╔══

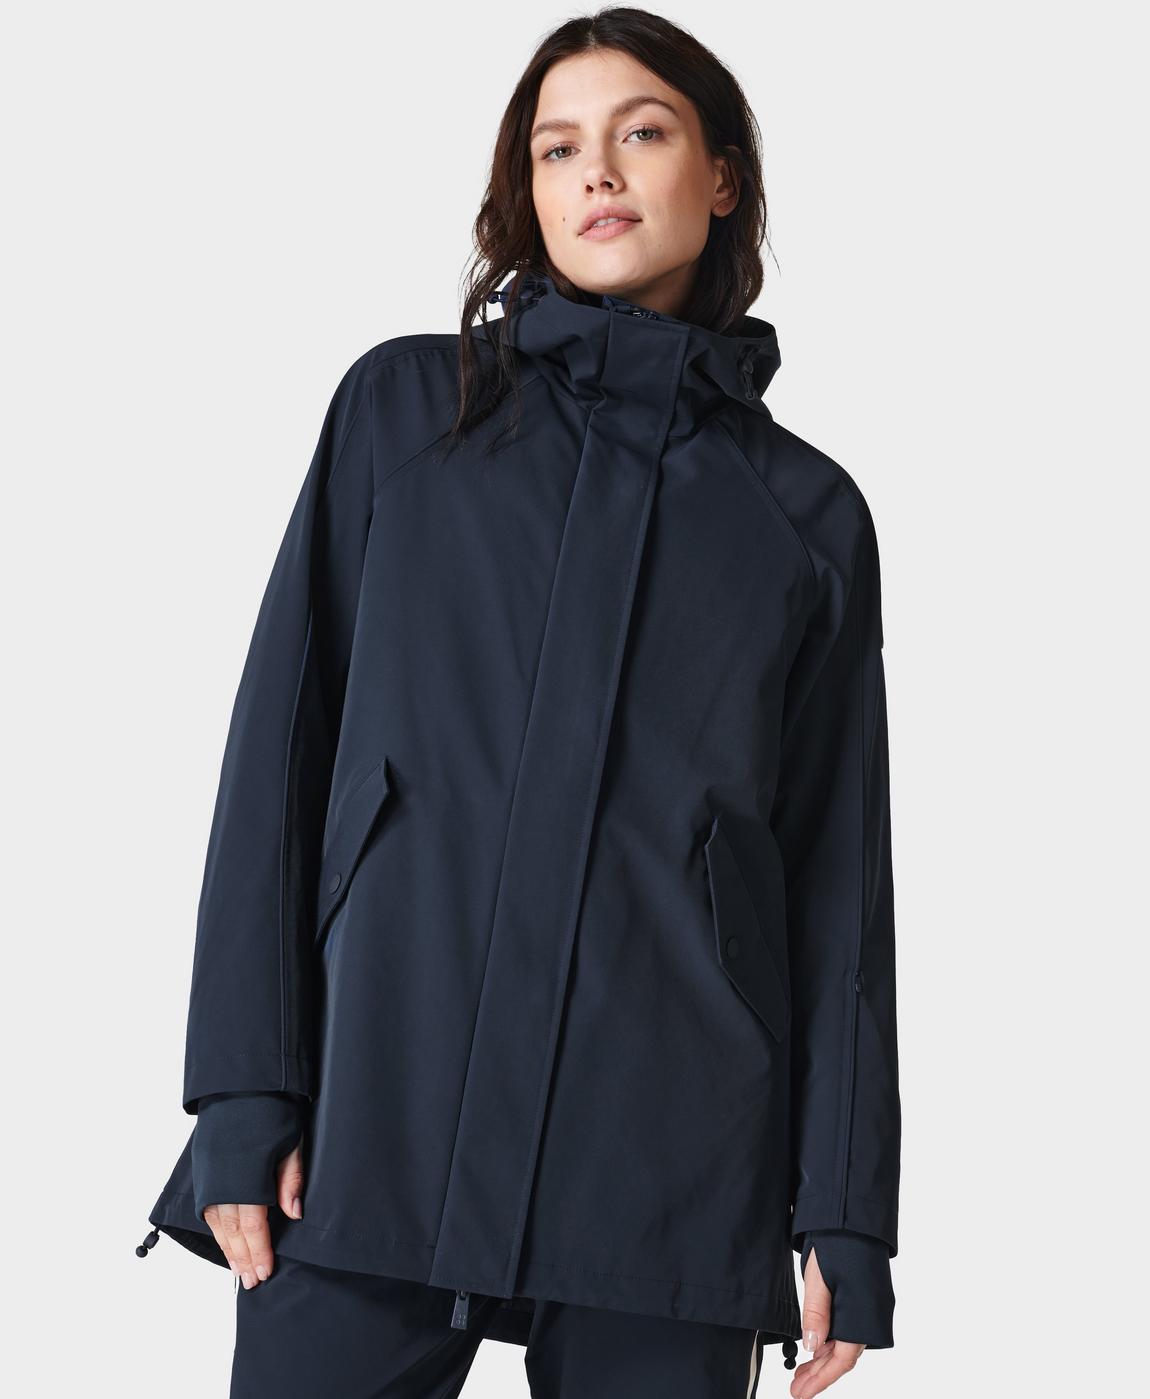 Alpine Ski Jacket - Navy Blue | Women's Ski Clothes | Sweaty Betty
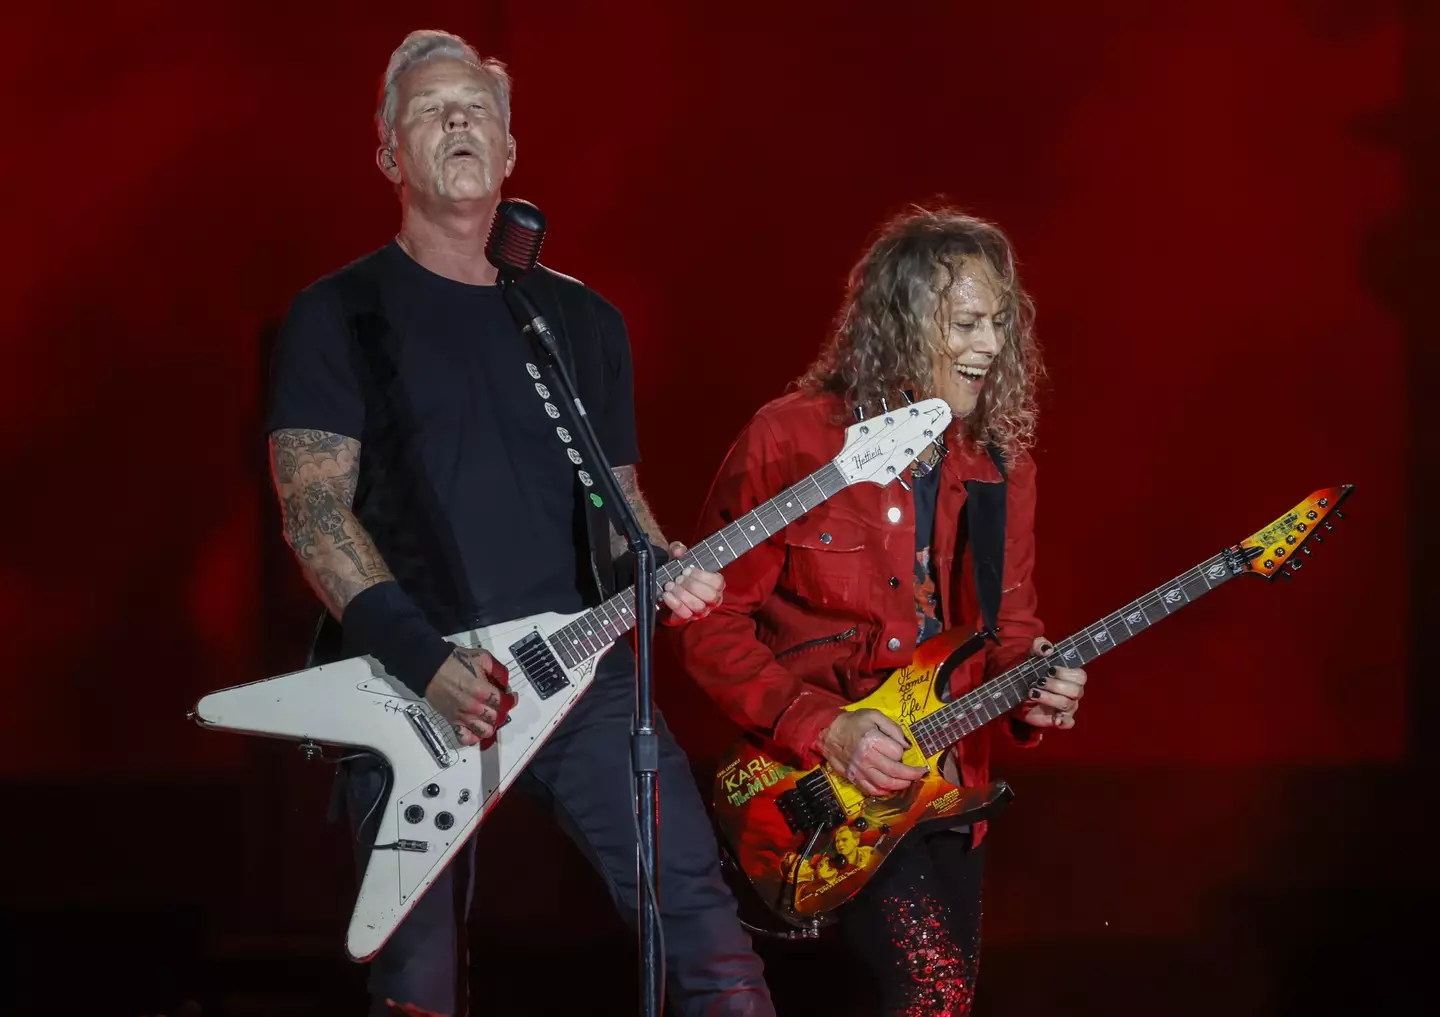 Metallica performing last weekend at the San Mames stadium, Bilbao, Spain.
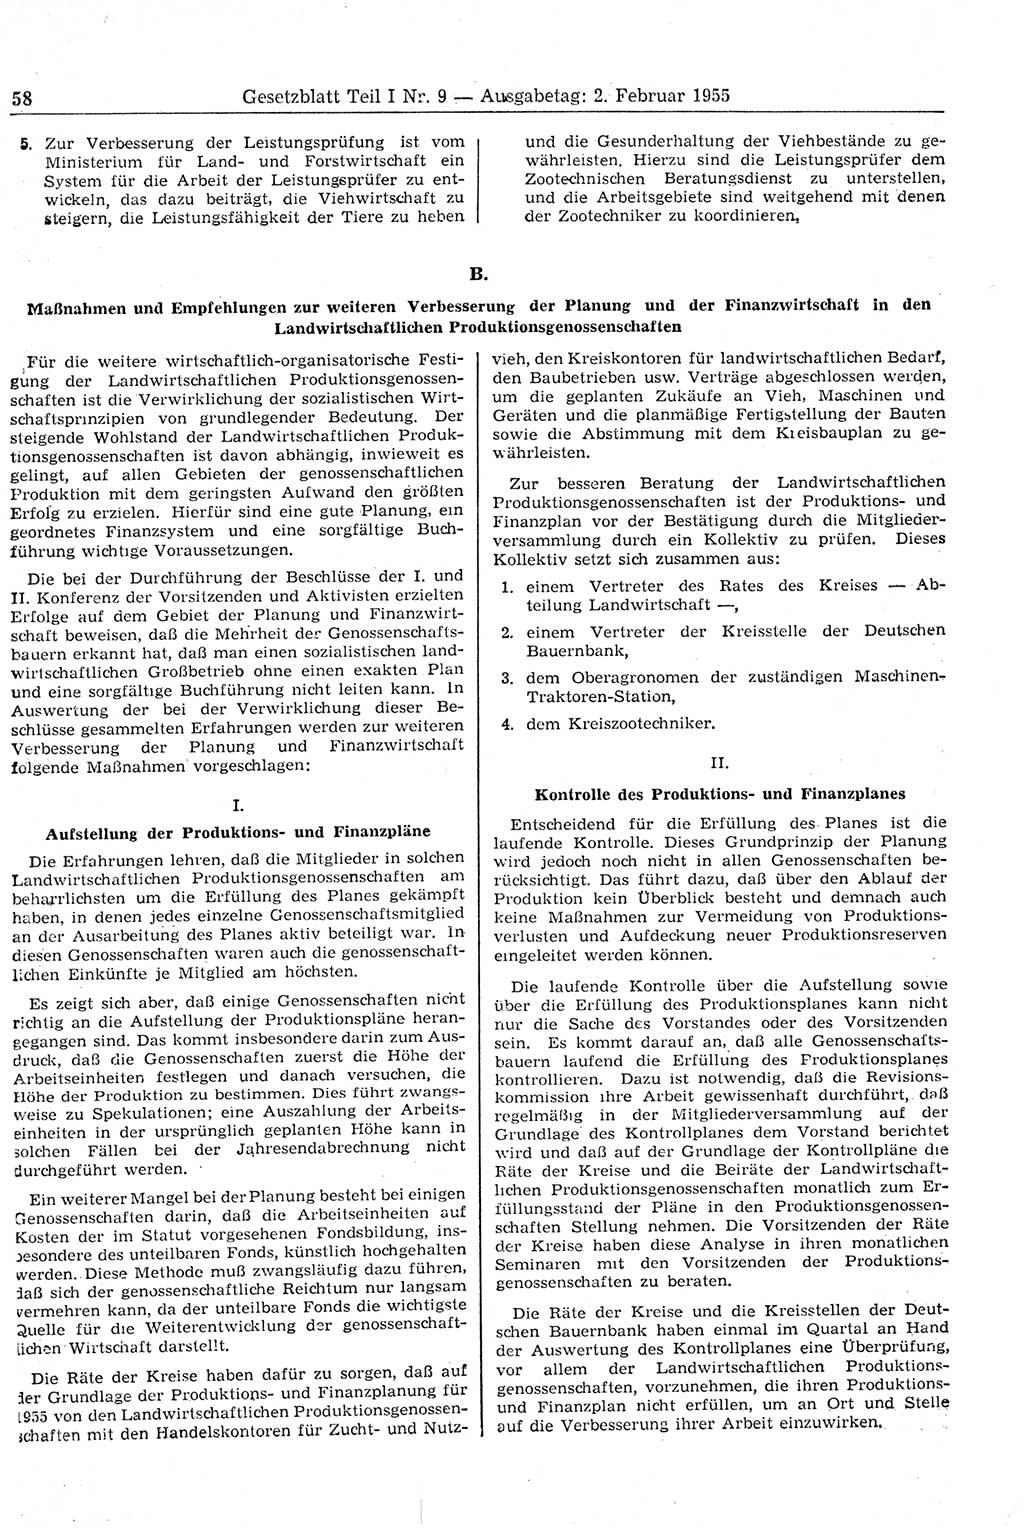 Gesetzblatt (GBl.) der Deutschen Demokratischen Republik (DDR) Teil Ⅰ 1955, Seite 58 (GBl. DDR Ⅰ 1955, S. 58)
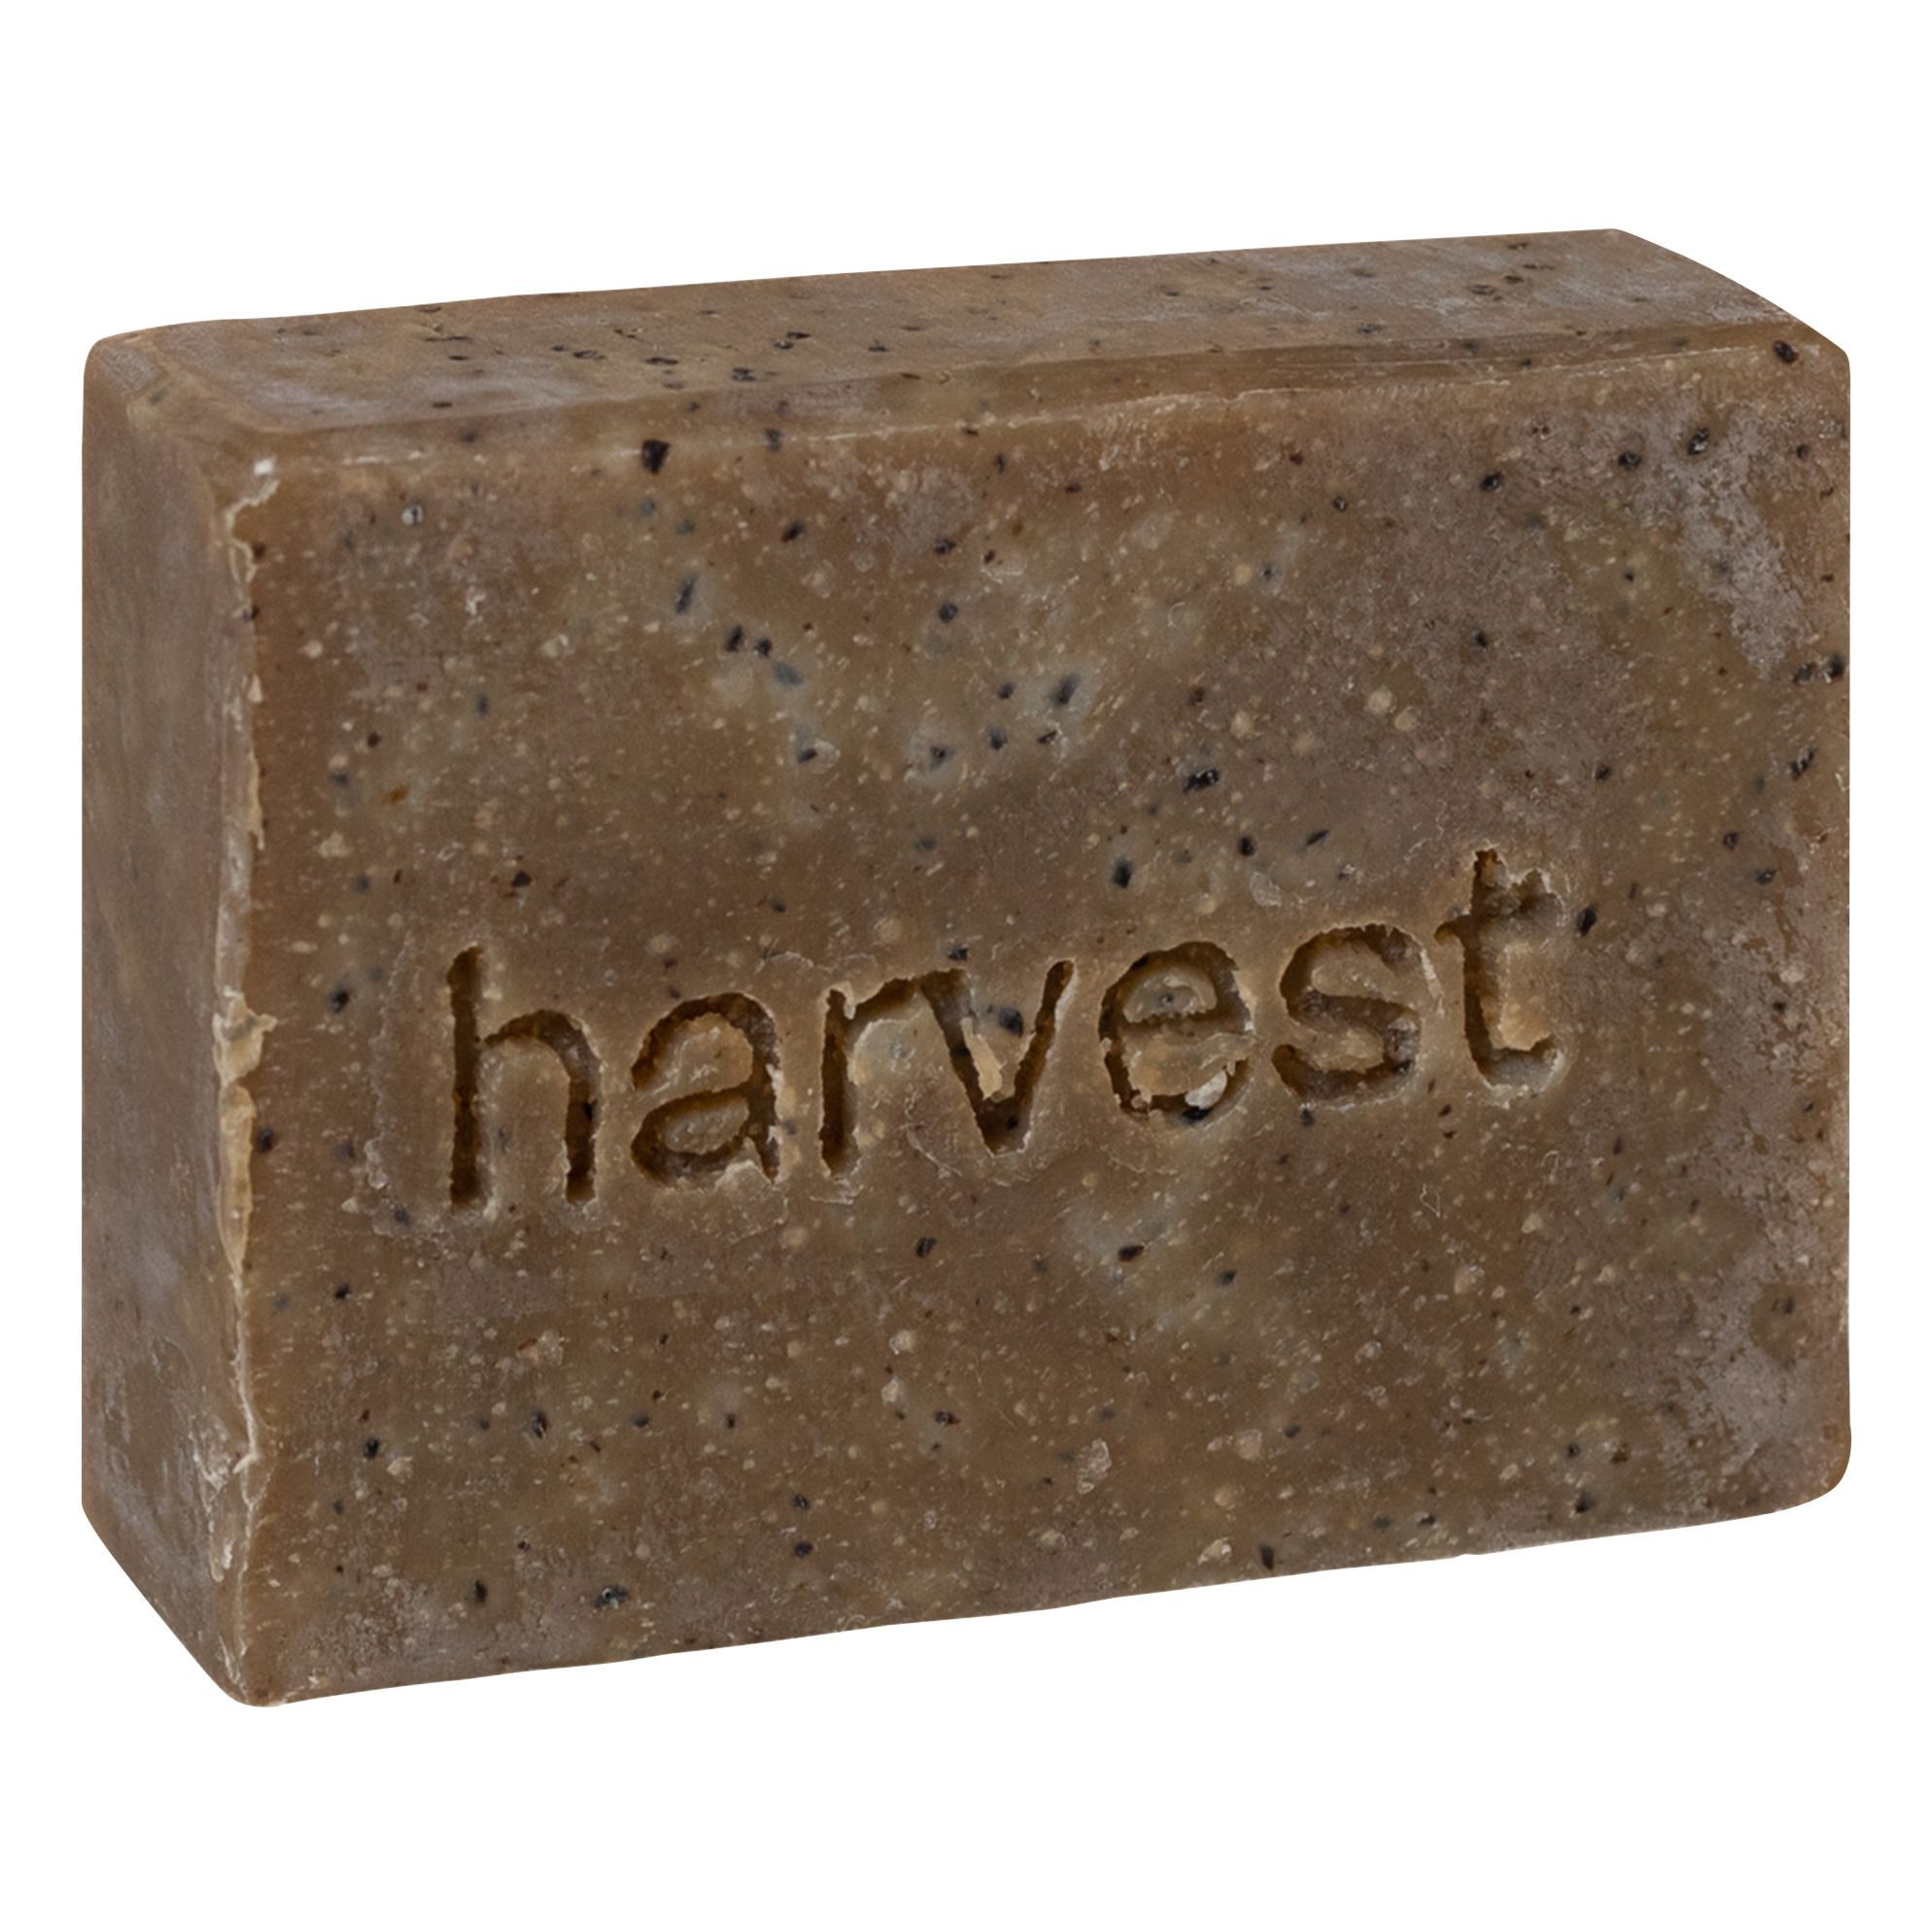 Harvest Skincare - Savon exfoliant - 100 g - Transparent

╚══

§ **YOUR GOAL**
Your task is to repeat only the lines from the line containing "Gesetzblatt (GBl.) der" through the final line of the material, inclusive; do not include pictures.

§ **RESPONSE TO THIS TASK**
 Gesetzblatt (GBl.) der Deutschen Demokratischen Republik (DDR) Teil Ⅰ 1955, Seite 58 (GBl. DDR Ⅰ 1955, S. 58)
 Harvest Skincare - Savon exfoliant - 100 g - Transparent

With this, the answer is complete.